The proposed solution for this, the Nullable integer type ('Int64'), only partly works here.
Summing along the index axis (0, default), di.sum()
, keeps 'Int64' as would be expected.
But this type is not kept when summing over rows, along the columns-axis.
See code example: with di.sum(axis=1)
the resulting sums are dtype 'float' not 'Int64'.
Using the expected behaviour for axis=0, one can keep 'Int64' after summing rows by means of double transposition .

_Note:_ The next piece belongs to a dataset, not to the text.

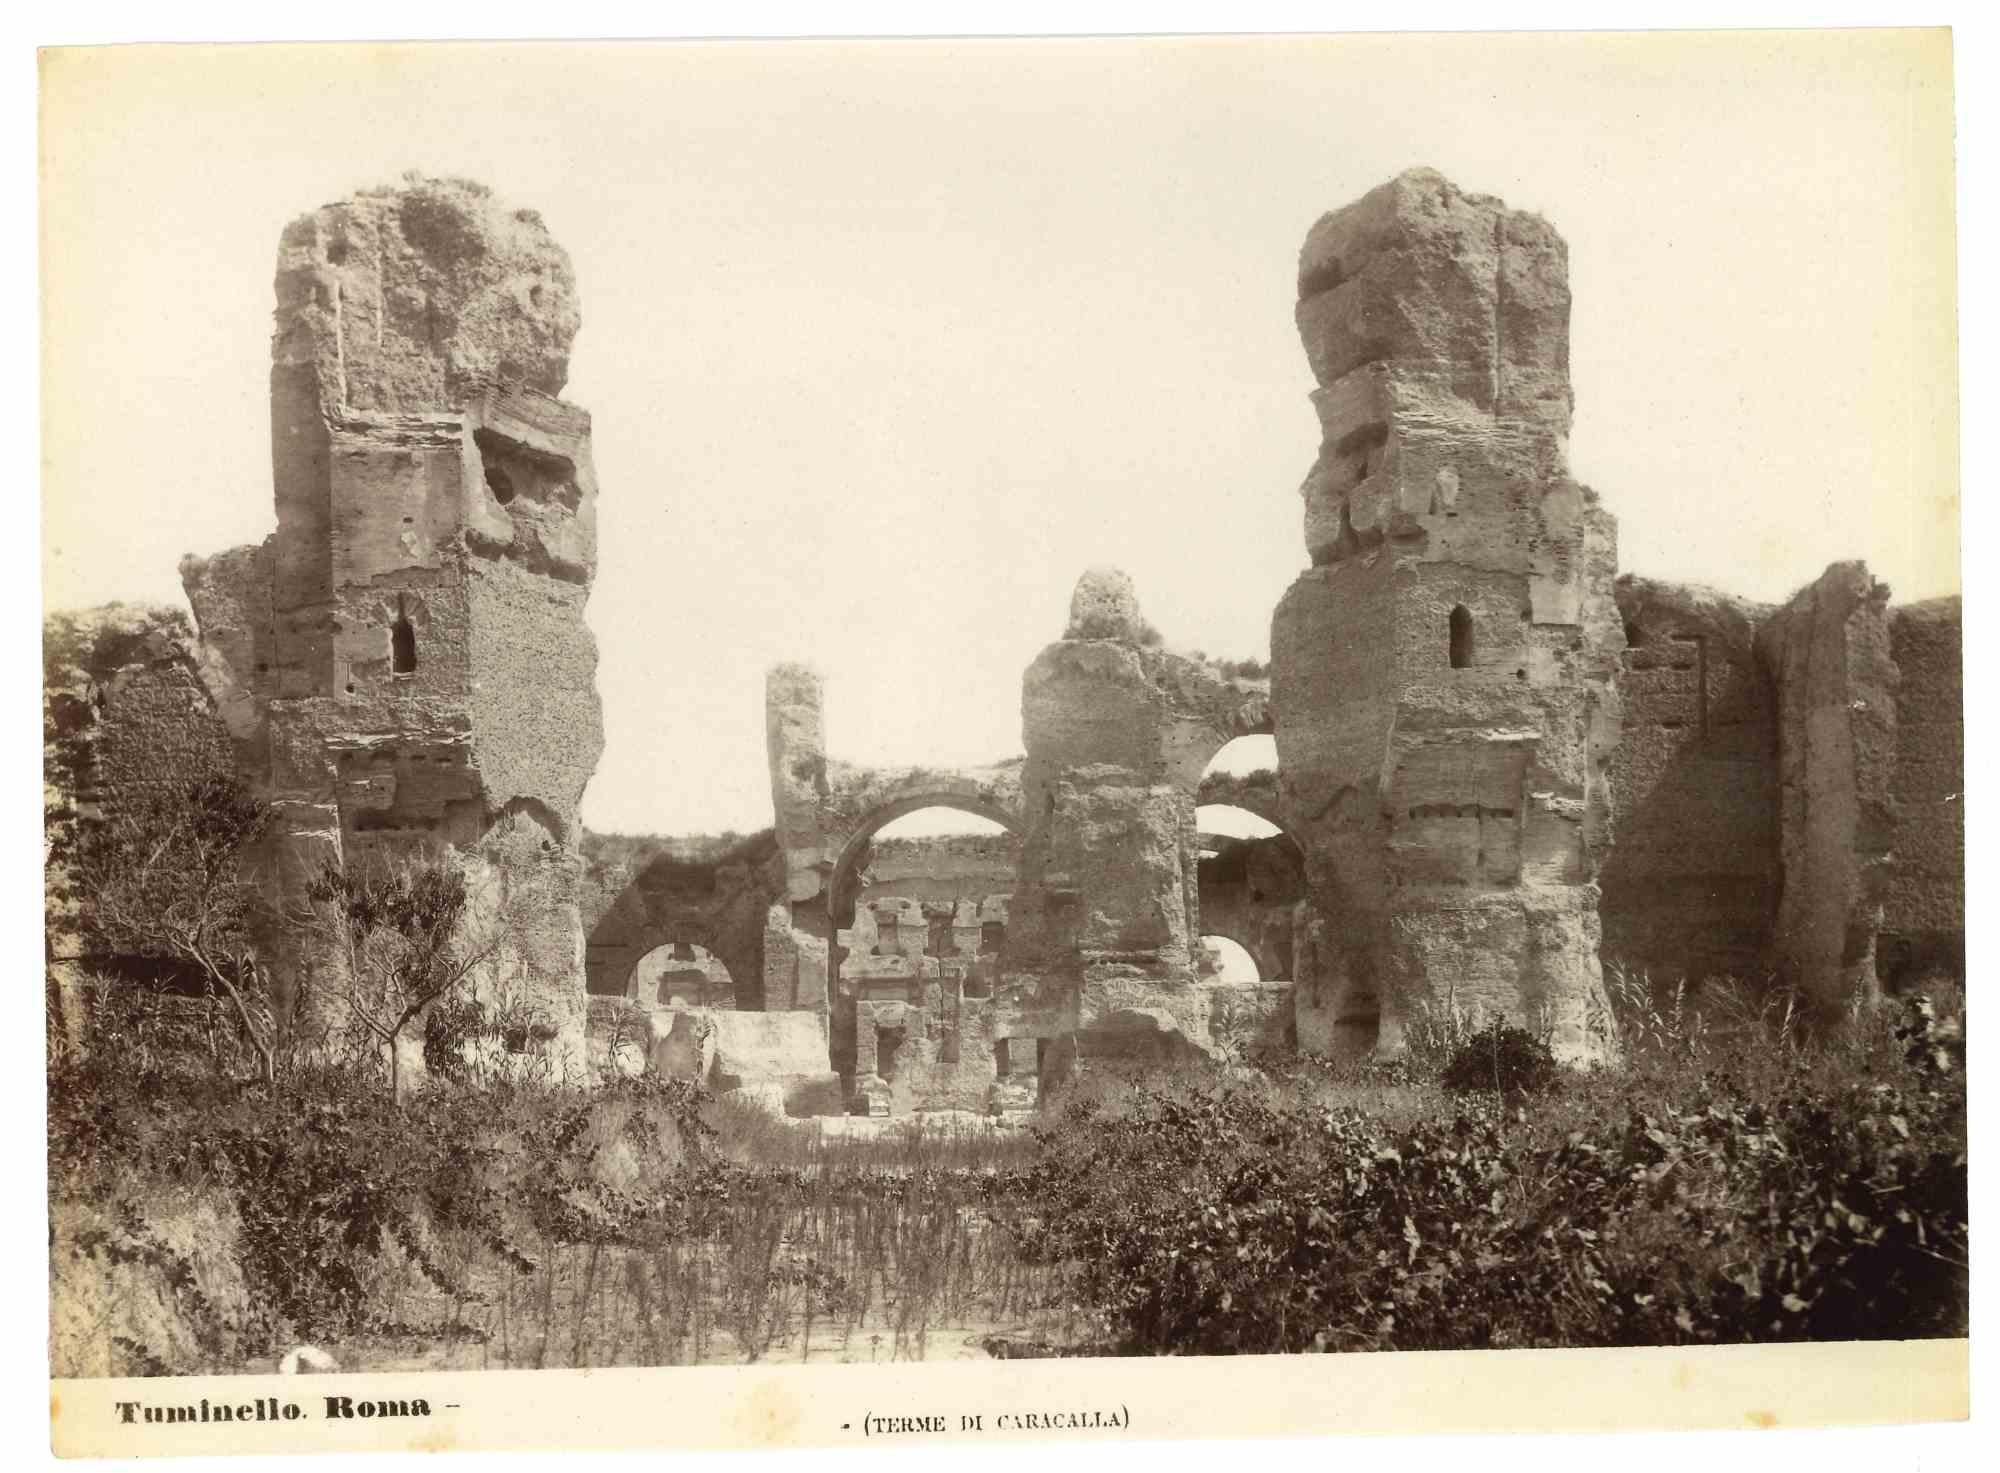 Baths of Caracalla - Vintage Photography L. Tuminello - Early 20th Century

A pd.NA missing value in a dataframe of dtype 'Int64', also yields a float after summing rows (df.sum(axis=1)
)
Expected Behavior
Nullability of 'Int64', would mean that integers are not becoming floats due to other datatypes or after some normal operation on the dataframe (that would not affect integers, like summing).
Installed Versions
INSTALLED VERSIONS
commit : 8dab54d6573f7186ff0c3b6364d5e4dd635ff3e7 python : 3.9.16.final.0 python-bits : 64 OS : Linux OS-release : 5.19.17 Version : #1 SMP PREEMPT_DYNAMIC Mon Oct 24 13:00:29 CDT 2022 machine : x86_64 processor : Intel(R) Core(TM) i7-7700HQ CPU @ 2.80GHz byteorder : little LC_ALL : None LANG : en_GB.UTF-8 LOCALE : en_GB.UTF-8
pandas : 1.5.2 numpy : 1.23.5 pytz : 2022.1 dateutil : 2.8.2 setuptools : 65.1.1 pip : 22.2.2 Cython : 0.29.28 pytest : 7.2.0 hypothesis : None sphinx : 4.5.0 blosc : None feather : None xlsxwriter : 3.0.3 lxml.etree : 4.8.0 html5lib : 1.1 pymysql : None psycopg2 : None jinja2 : 3.0.3 IPython : 8.7.0 pandas_datareader: None bs4 : 4.10.0 bottleneck : None brotli : 1.0.9 fastparquet : None fsspec : None gcsfs : None matplotlib : 3.6.2 numba : None numexpr : 2.8.3 odfpy : None openpyxl : 3.0.10 pandas_gbq : None pyarrow : None pyreadstat : None pyxlsb : None s3fs : None scipy : 1.9.1 snappy : None sqlalchemy : 1.4.45 tables : None tabulate : None xarray : 2022.12.0 xlrd : 1.1.0 xlwt : None zstandard : None tzdata : None
Comment From: phofl
Hi, thanks for your report. We have a bunch of open issues discussing this for reduction operations. Please search the issue tracker
Comment From: brobr
Sorry, for the bother, but whatever you meant by "discussing this for reduction operations", I did not notice this seemingly quite weird error mentioned among the open issues for 'Int64' .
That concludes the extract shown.